The problem is that the loader installs a 1:1 mapping between the virtual and physical address space (and wickedly assumes physical mirrors at 2G). Virtual addresses that map identically to physical memory are mapped as cacheable (both inner- and outer- write-back, write-allocate) and everything else is mapped noncacheable as it is assumed to be a device. Unfortunately this "everything else" happens to include also kernel virtual addresses that use a PA2KA() mapping (i.e. identity with a shift to 2G). So until the kernel installs its own page tables, the LDREX/STREX instructions use mappings which are marked as noncacheable device memory. No wonder it doesn't work. Previous versions were not affected because they used a different mechanism which is not sensitive the memory attribute of the used memory.

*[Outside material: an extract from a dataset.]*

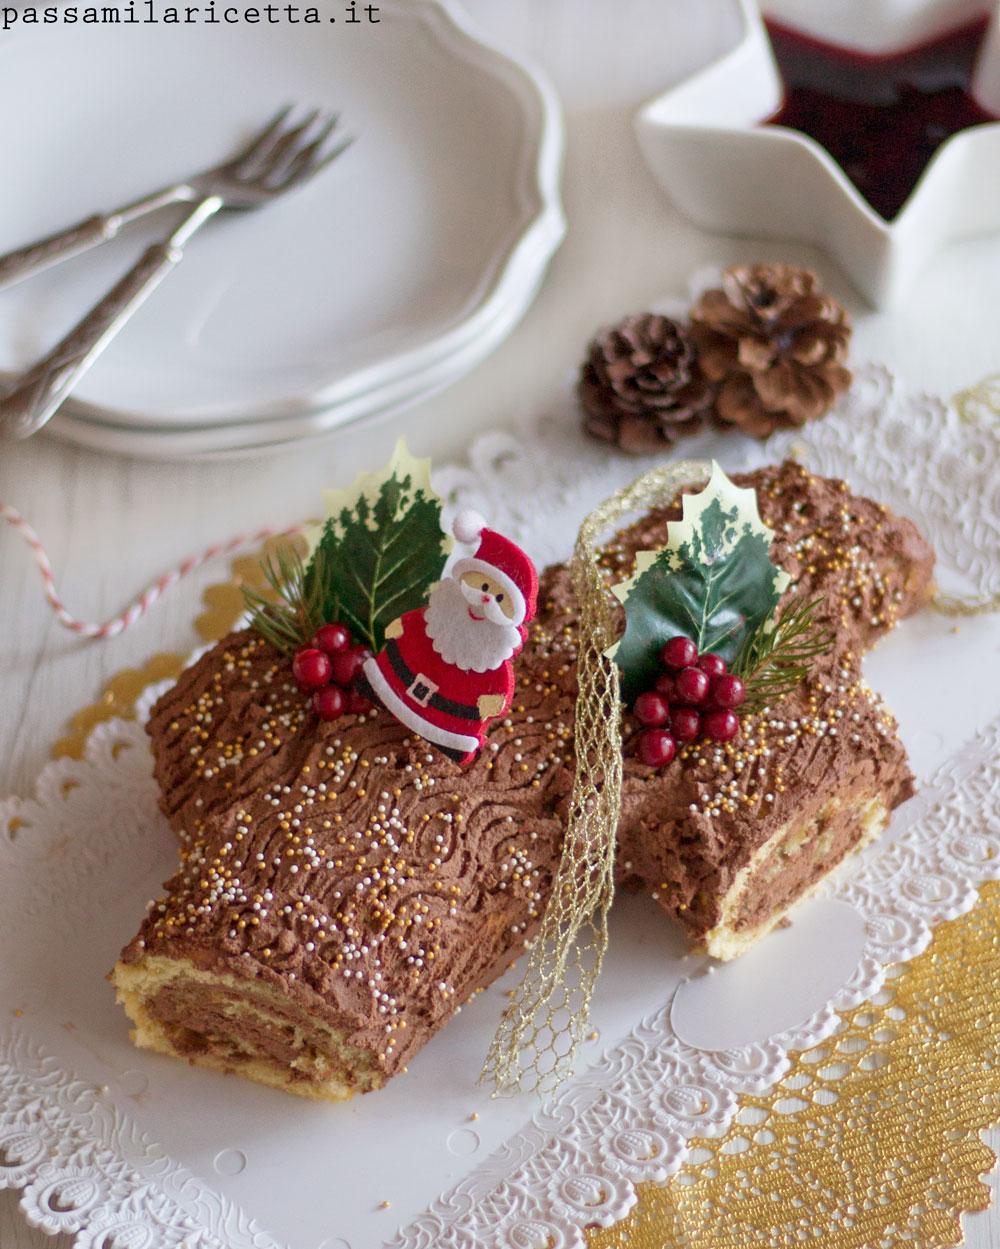 Tronchetto Di Natale.Tronchetto Di Natale Facile In Due Versioni Passami La Ricetta
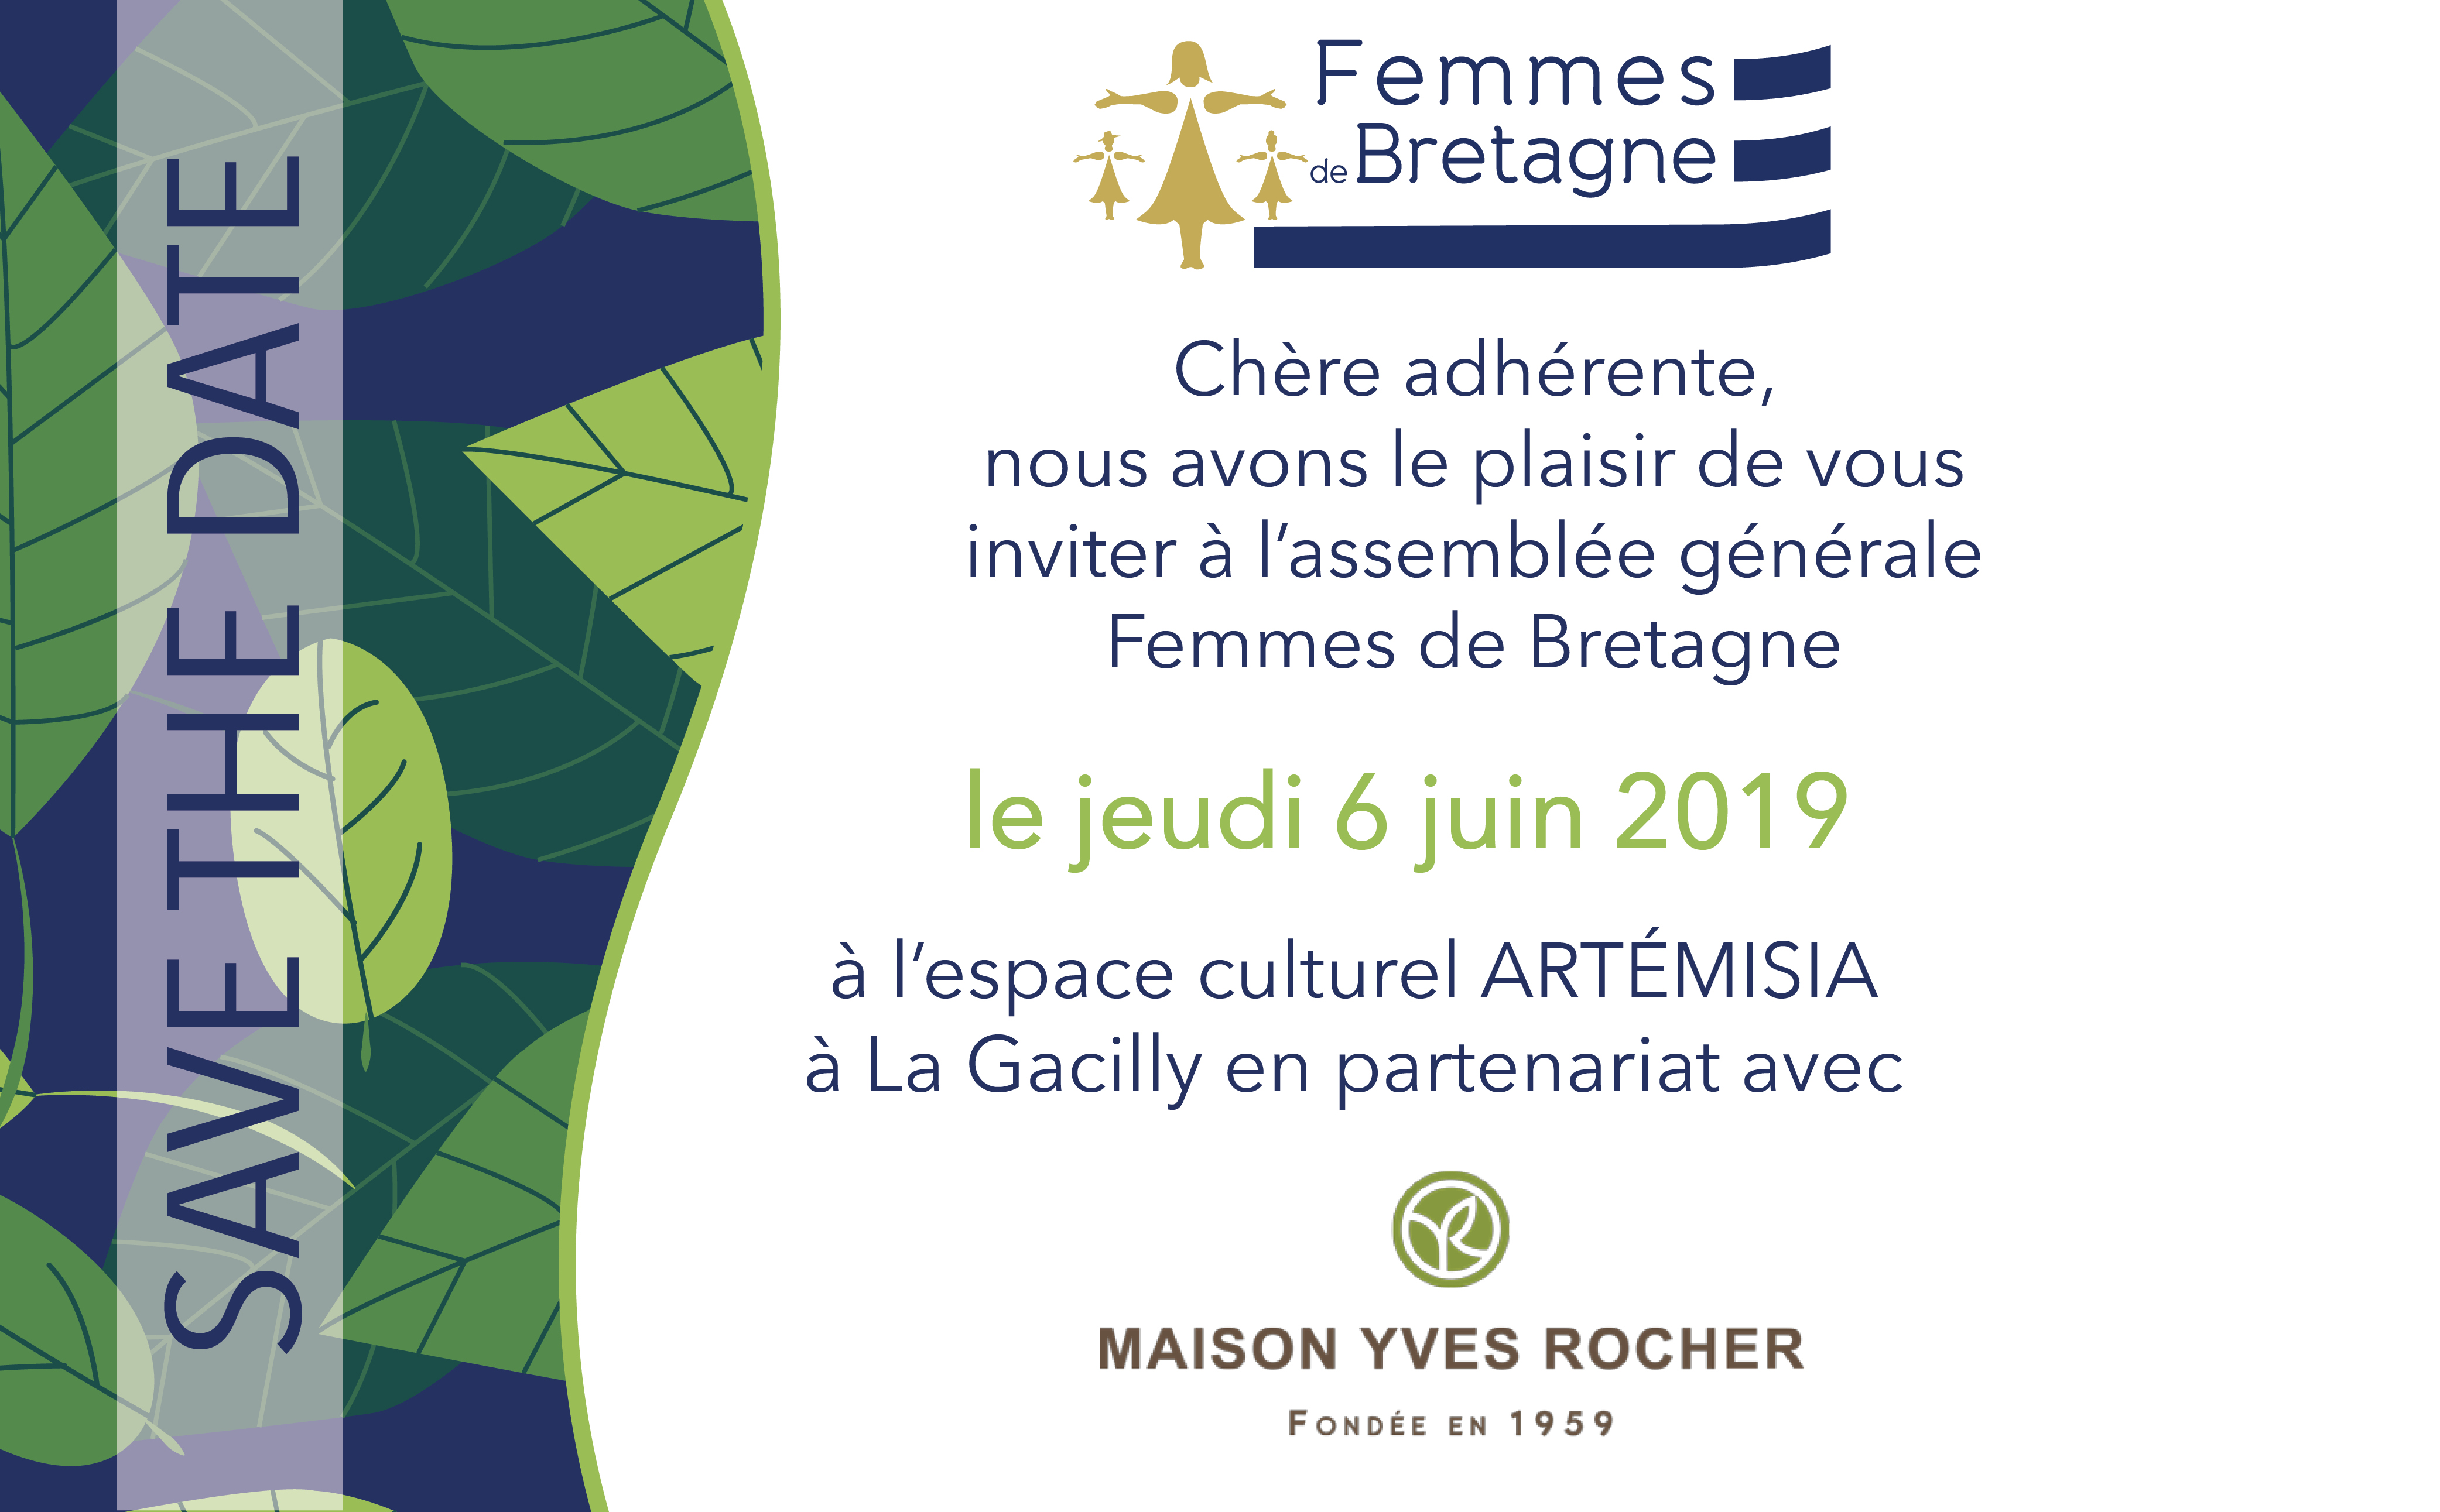 06.06.2019 – La Gacilly – Assemblée Générale Femmes de Bretagne

Splitting the loader's page table into two halves, first with a 1:1 mapping and second with a PA2KA mapping fixes the problem on RaspberryPi. Unfortunately it breaks bbone, most likely because of its physical memory starts already at 2G (which might also be the reason it was not affected by the issue in the first place).
I am now looking into ways to fix this so that nothing breaks.
comment:7 by , 6 years ago
Component: | helenos/kernel/arm32 → helenos/boot/arm32 |
---|---|
Resolution: | → fixed |
Status: | new → closed |
Fixed in commit accdbd830beca44bcb50139f5c5e256cbe7afda9.
This behavior (no kernel messages printed) occurs since:
However, even before this commit, as far as the switch to the HelenOS-specific toolchain in commit bbe5e34956da986df4d32357c697e539e8cfec0d, the boot was failing with:
This kernel panic, is more difficult to bisect due to the toolchain change.